No domínio do processo especial de falência, consagrado no C. P. Civil (art.ºs 1135.º e sgts.) era entendimento comum que o mandato judicial caducava com a declaração de falência no respeitante a direitos patrimoniais [Cfr. Pedro Macedo, Manual, vol. II, pág. 50].
No domínio do CPEREF, não existindo, também, qualquer preceito específico que disponha quanto a essa questão, apenas os art.ºs 167.º e 147.º podem apresentar alguma proximidade com a mesma.
O art.º 167.º, n.º 1 dispõe que: “Os contratos de mandato, realizados também no interesse do mandatário, e os de comissão não caducam necessariamente com a declaração de falência, mas o liquidatário judicial pode optar livremente pela continuação ou pela revogação unilateral do mandato…”.
Este preceito, reportando-se aos contratos de mandato, realizados também no interesse do mandatário e dispondo que o liquidatário judicial pode optar livremente pela continuação ou pela revogação unilateral, não dispõe directamente quanto ao contrato de mandato judicial.
O art.º 147.º ao dispor no seu n.º 1, que: “1 - A declaração de falência priva imediatamente o falido, por si ou, no caso de sociedade ou pessoa colectiva, pelos órgãos que o representem, da administração e do poder de disposição dos seus bens presentes e futuros, os quais passam a integrar a massa falida, sujeita à administração e poder de disposição do liquidatário judicial” e que: “2 -O liquidatário judicial assume a representação do falido para todos os efeitos de carácter patrimonial que interessem à falência”, embora não dispondo directamente quanto ao mandato judicial, rege quanto aos poderes de representação do falido, para efeitos patrimoniais (que atribui ao liquidatário judicial), os quais contêm, além do mais, o poder de constituir mandatário judicial.
Em face de tais preceitos, afigura-se-nos que deve manter-se o entendimento existente no domínio do processo especial de falência, consagrado no C. P. Civil (art.ºs 1135.º e sgts.) no sentido de que o mandato judicial, no respeitante a direitos patrimoniais (e são estes que nos ocupam), caduca com a declaração de falência.
Se a declaração de falência priva o falido, ou os seus órgãos, do poder de representação da massa quanto a efeitos de carácter patrimonial, não é razoável entender que se mantém um contrato de mandato por eles anteriormente conferido no uso desses poderes de representação.
E não vislumbramos qual o interesse (para além do mero interesse económico individual do mandatário judicial), susceptível de protecção legal, prosseguido com entendimento contrário.
Extinto o mandato judicial, nada obsta a que o liquidatário judicial, se o entender conveniente para o bom desempenho das suas funções, venha a outorgar novo mandato forense ao anterior mandatário.
Mas, neste caso, trata-se de um novo mandato e não da permanência do mandato conferido anteriormente à declaração de falência por quem, nessa data, detinha poderes para o efeito.
A agravante cita, em abono da tese que defende, o Acórdão desta Relação de 10 de Abril de 2003, in Col.

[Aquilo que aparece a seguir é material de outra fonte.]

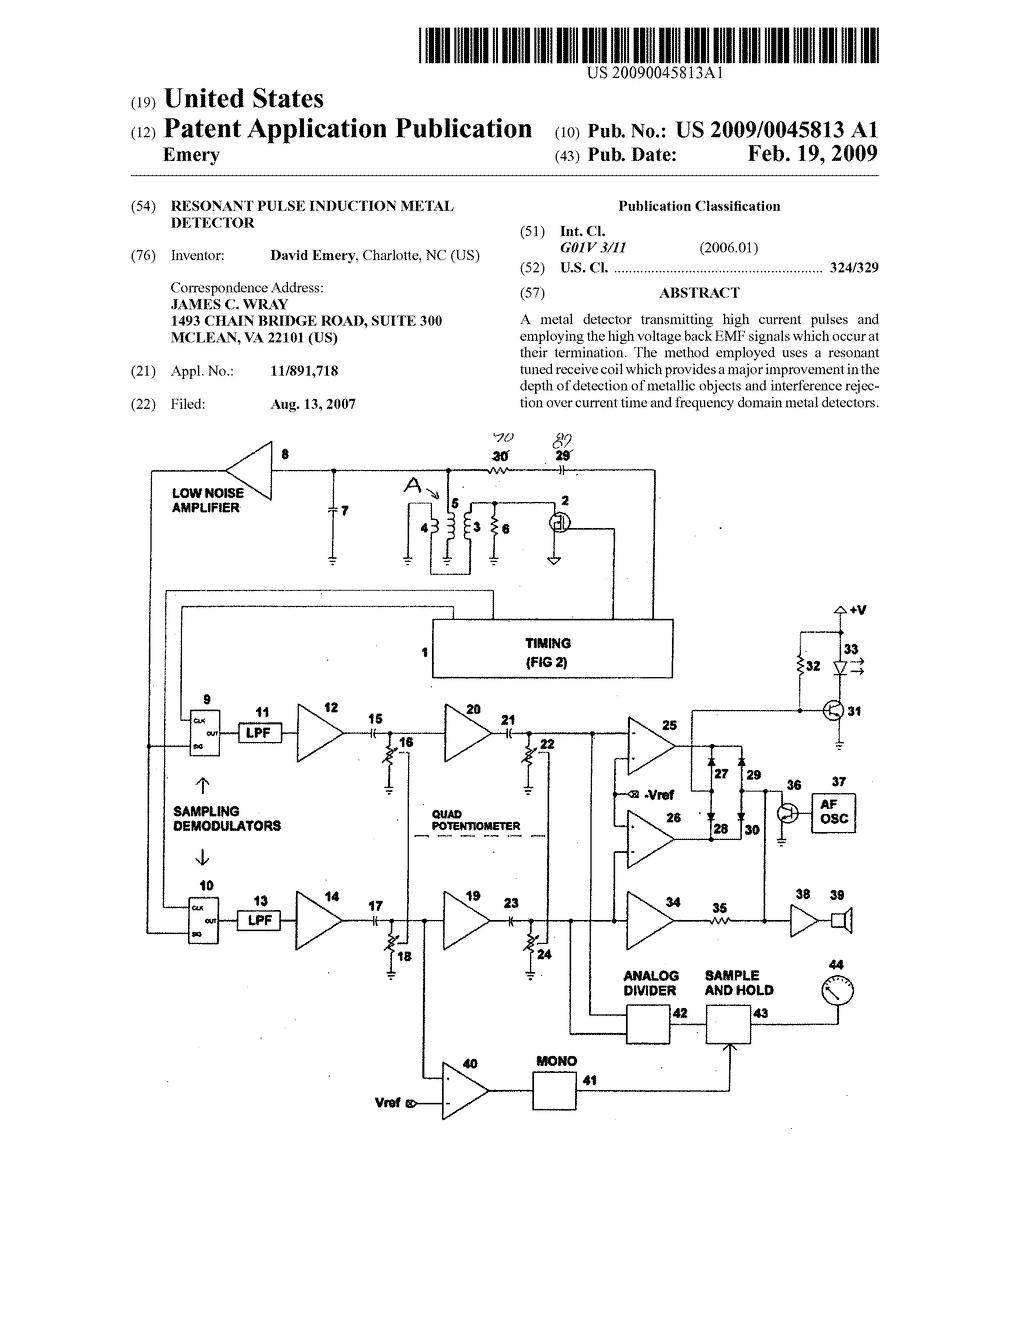 resonant pulse induction metal detector diagram schematic and rh patentsencyclopedia com pulse induction metal detector circuit diagram simple pulse induction metal detector circuit diagram

J. II, pág.197.
Todavia, esse aresto pronunciou-se sobre uma questão substancialmente diferente, qual seja, a de saber se o liquidatário judicial podia, licitamente, revogar o contrato de mandato outorgado pelos órgãos de uma sociedade anteriormente à declaração de falência.
E, na linha do acima expendido, pronunciou-se pela positiva não abordando, sequer, a questão de saber se, afinal, aquando da revogação, o contrato já se encontrava extinto.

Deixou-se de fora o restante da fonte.